#### Your task:
Nothing but the lines from the one containing "bb nmm11222 Big" through the last line of the material should appear in the answer, transcribed exactly, pictures excluded.

#### Information supplied:
= = =
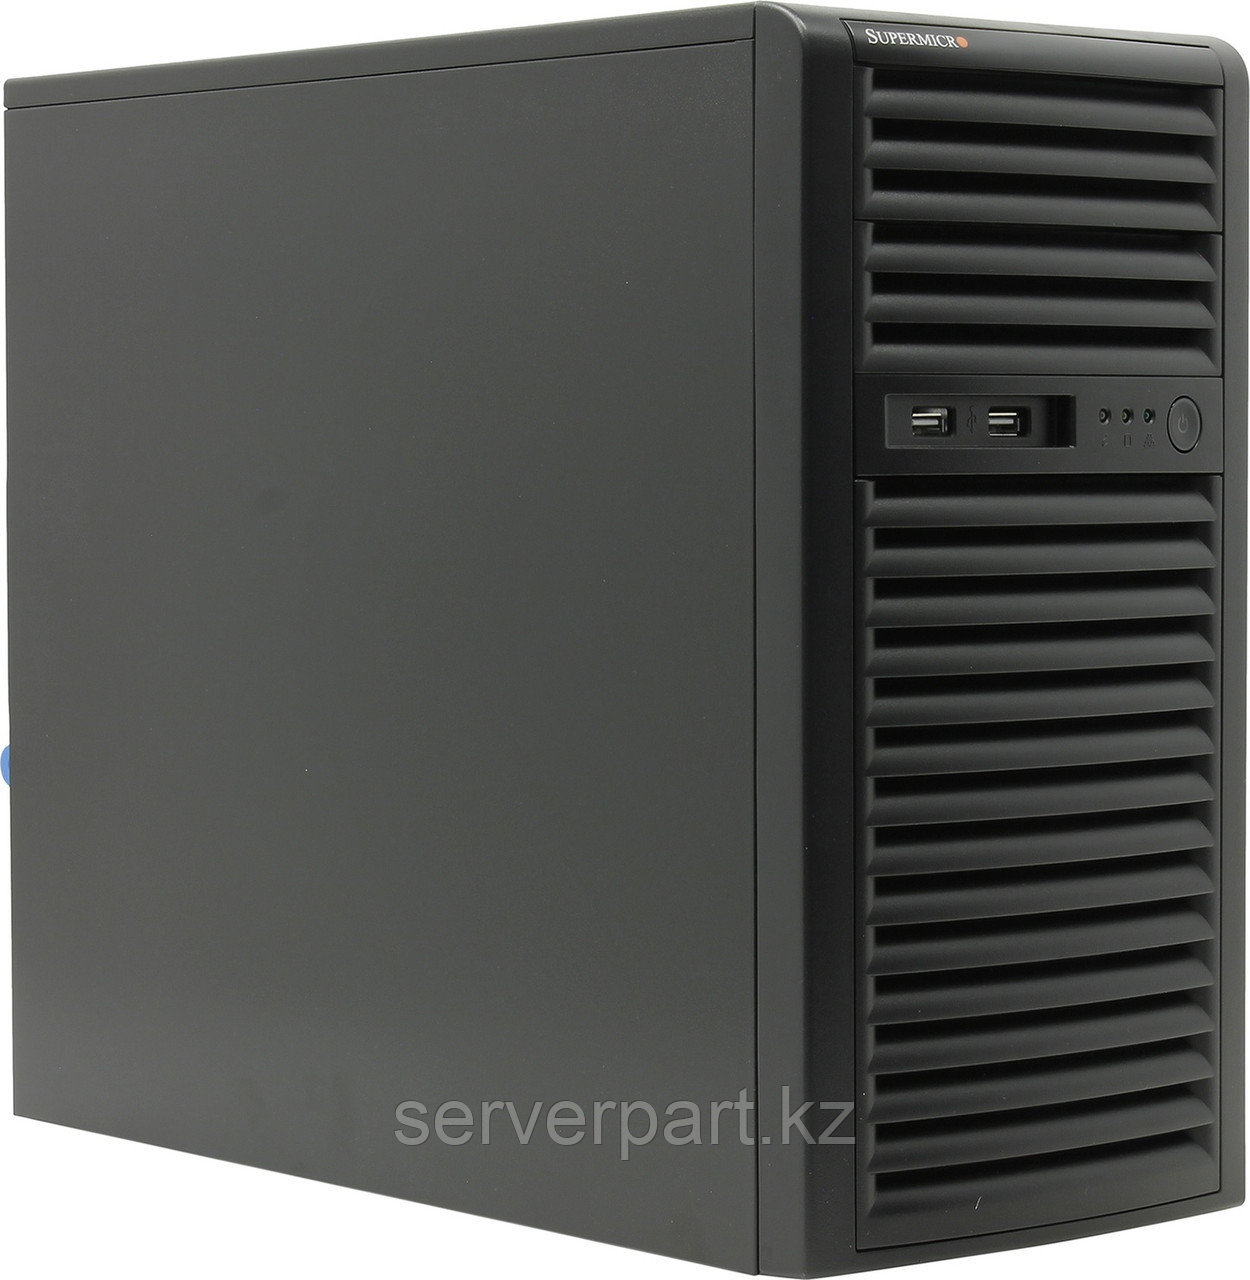 Сервер Supermicro SYS-5039C Tower 4LFF/4-core intel xeon E2124 3.3GHz/16GB EUDIMM/1x480GB SSD RI Hyb, фото 1
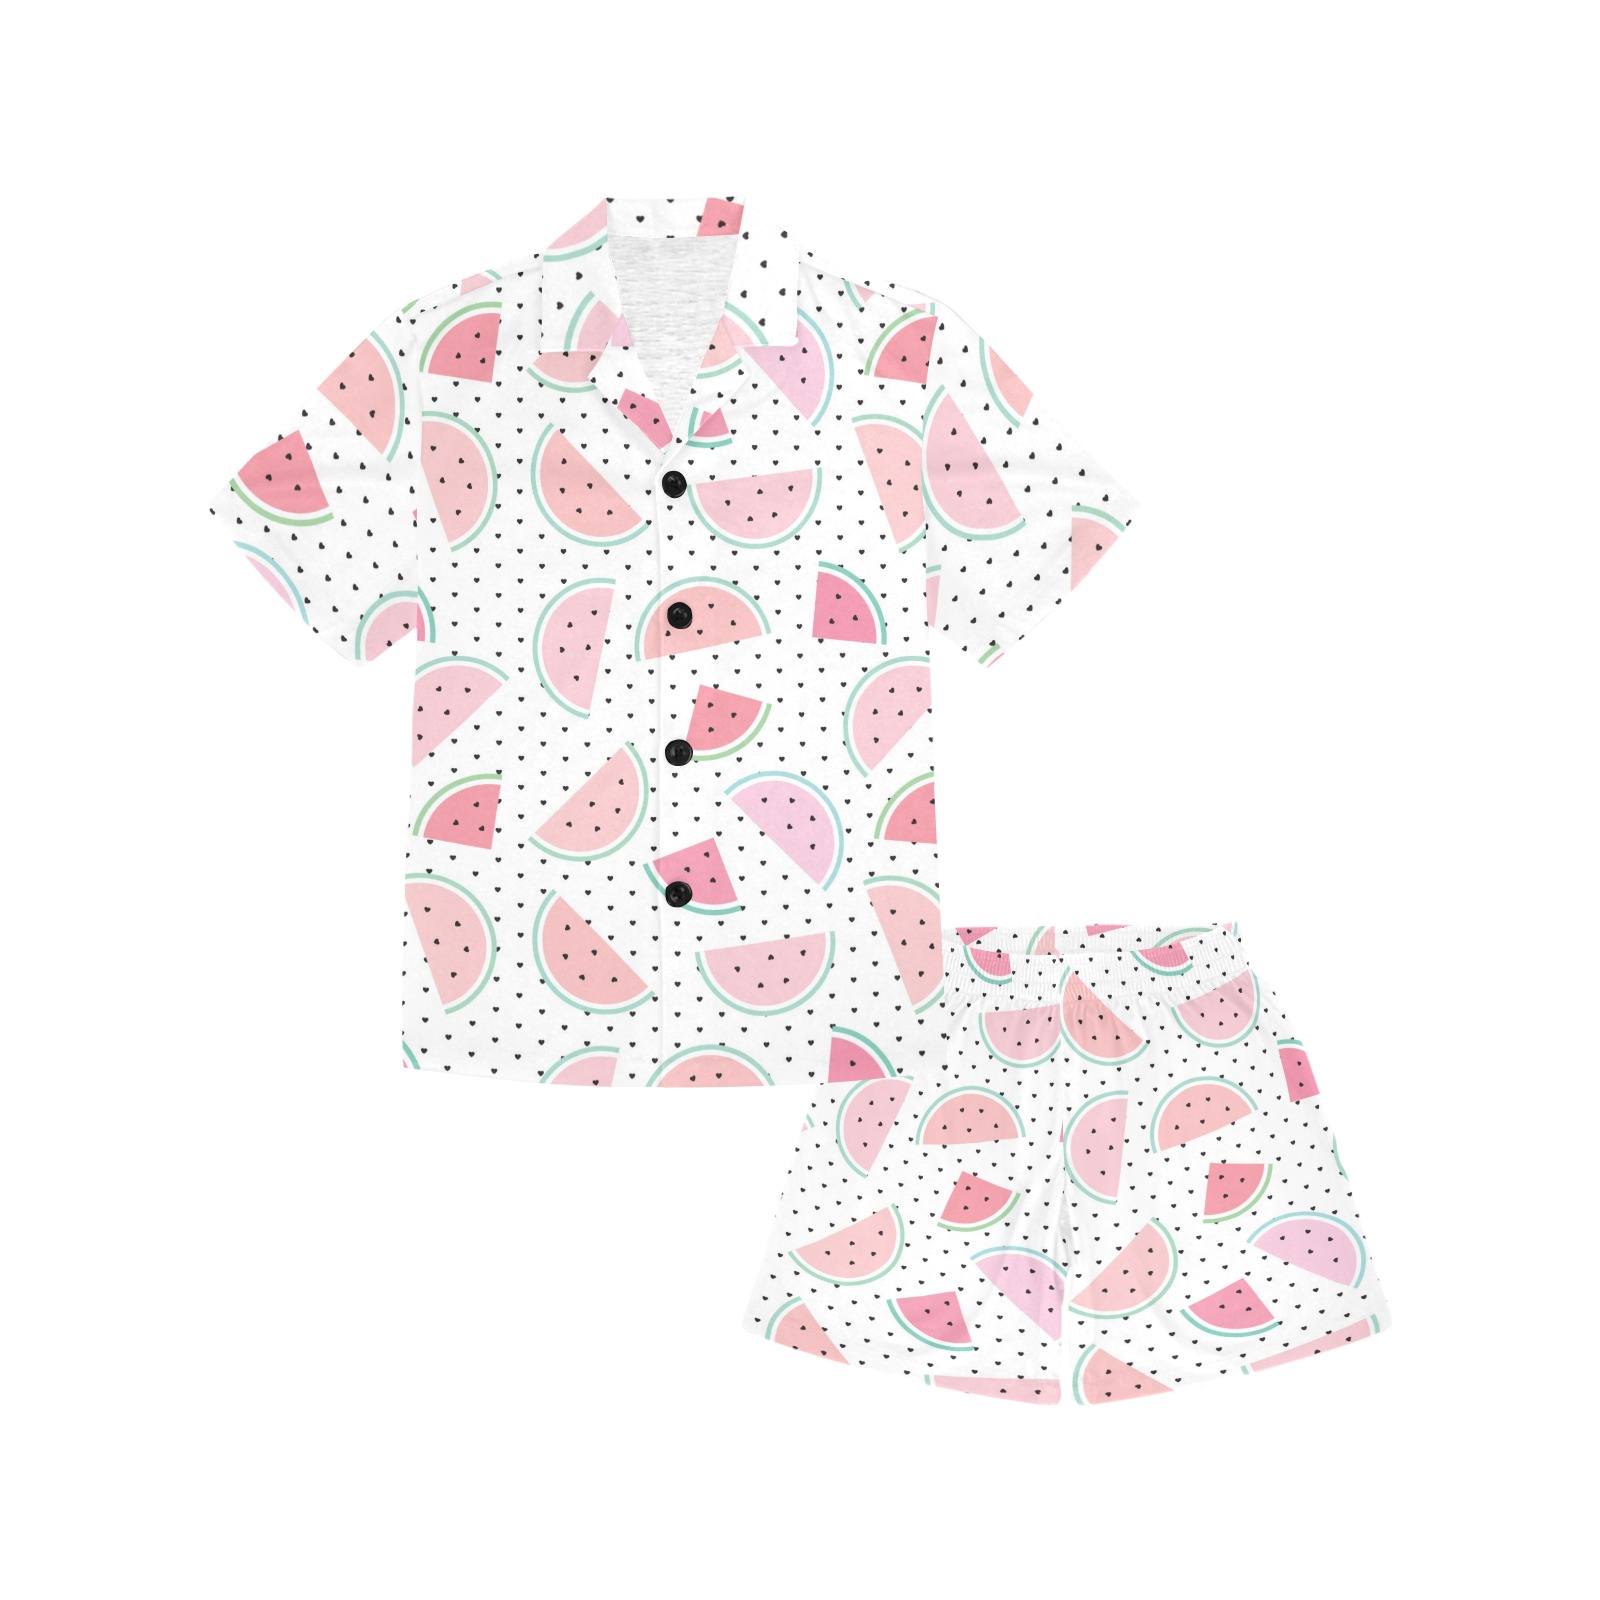 bb nmm11222 Big Girls' V-Neck Short Pajama Set
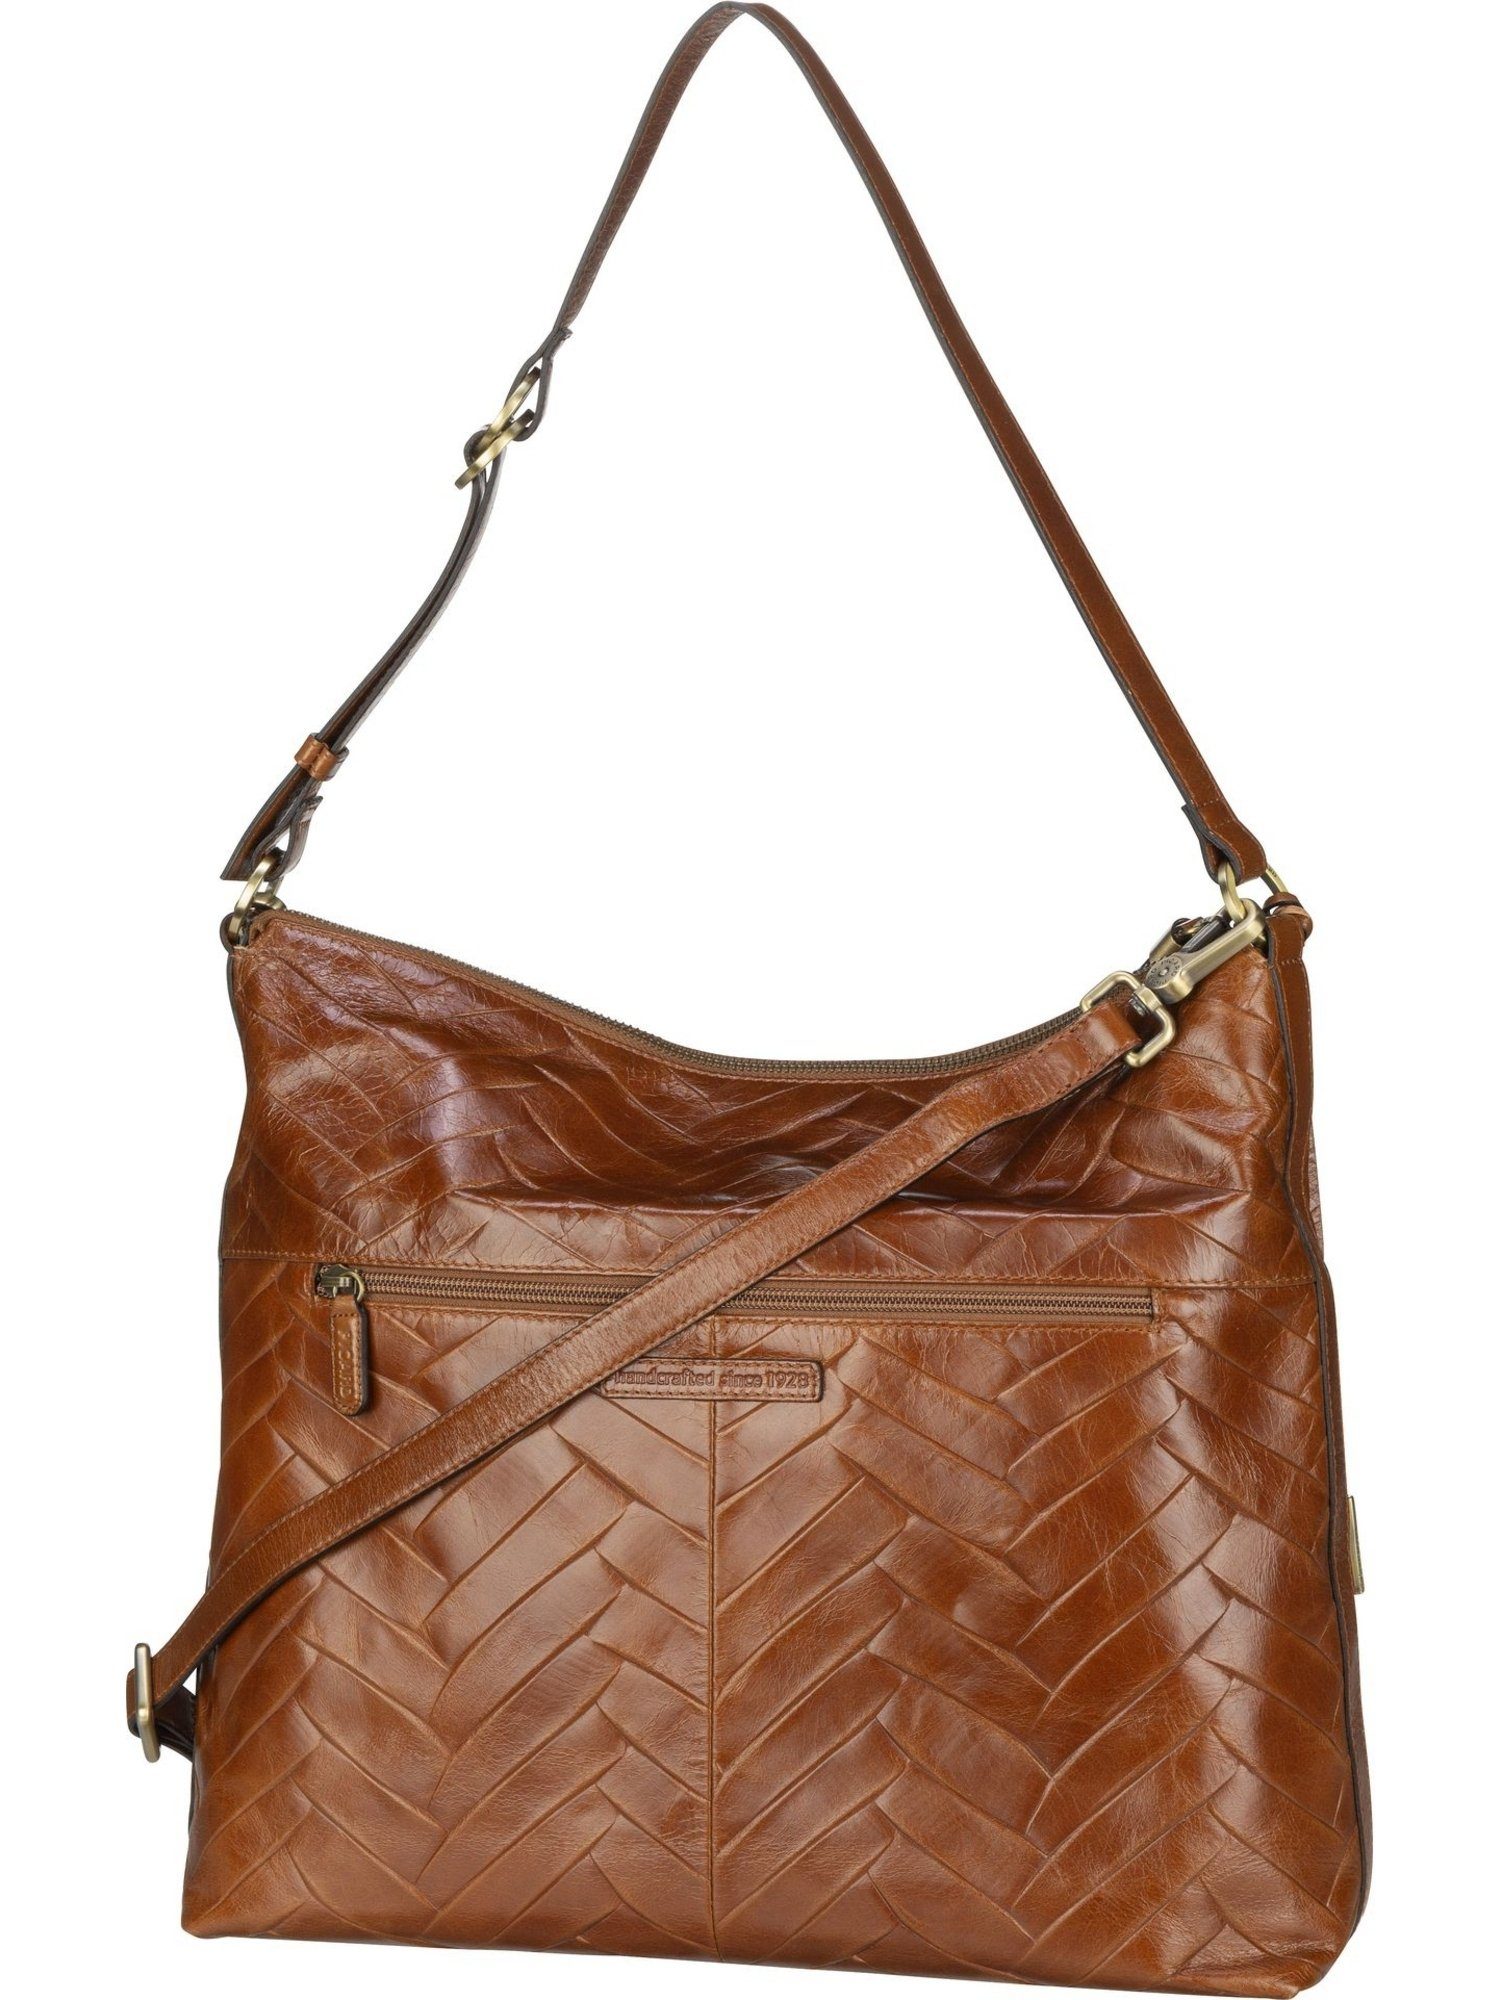 Damen Handtaschen Picard Handtasche Basket 5285, Beuteltasche / Hobo Bag
= = =
#### Result below:
 bb nmm11222 Big Girls' V-Neck Short Pajama Set
 Damen Handtaschen Picard Handtasche Basket 5285, Beuteltasche / Hobo Bag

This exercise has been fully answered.